For this exercise, output the line containing "Member of CIREBA" and every line after it through the end of the records, exactly, and no other line.

◇ ◇ ◇ ◇ ◇ ◇ ◇

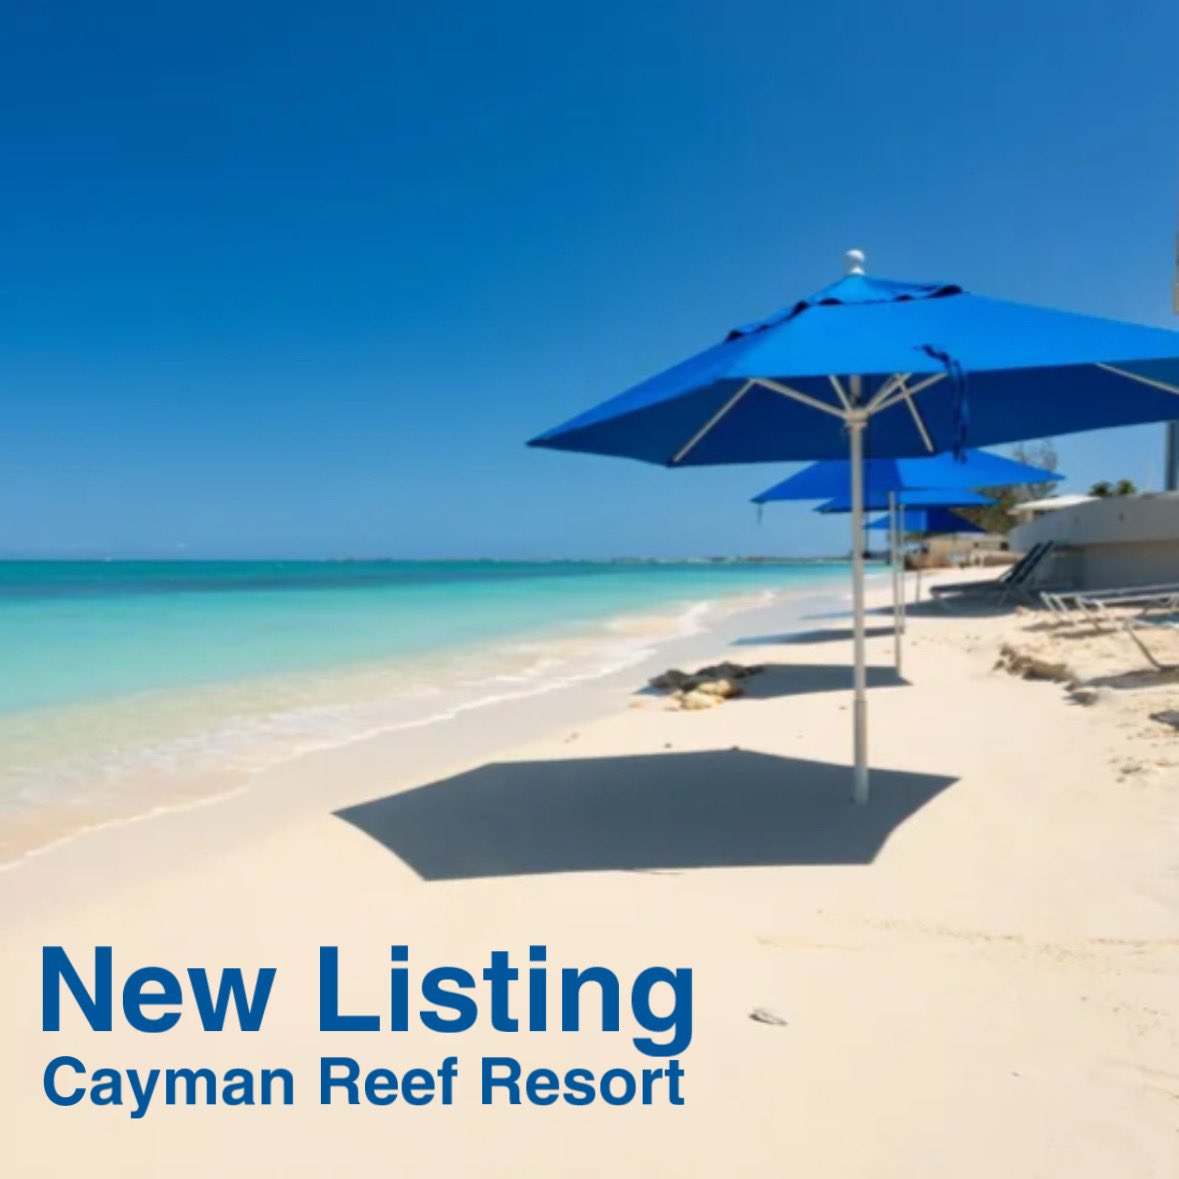 Cayman Reef Resort

Beyond the tranquility of the beach, is the convenience of walking to the shops & restaurants of Camana Bay

Member of CIREBA 
MLS # 417623

#NewListing #Caribbean #Condo #Scuba #Snorkel 
#CaymanRealEstate #caymansothebysrealty #caymanislandsrealestate

◇ ◇ ◇ ◇ ◇ ◇ ◇

**Solution to this exercise**
Member of CIREBA 
MLS # 417623

#NewListing #Caribbean #Condo #Scuba #Snorkel 
#CaymanRealEstate #caymansothebysrealty #caymanislandsrealestate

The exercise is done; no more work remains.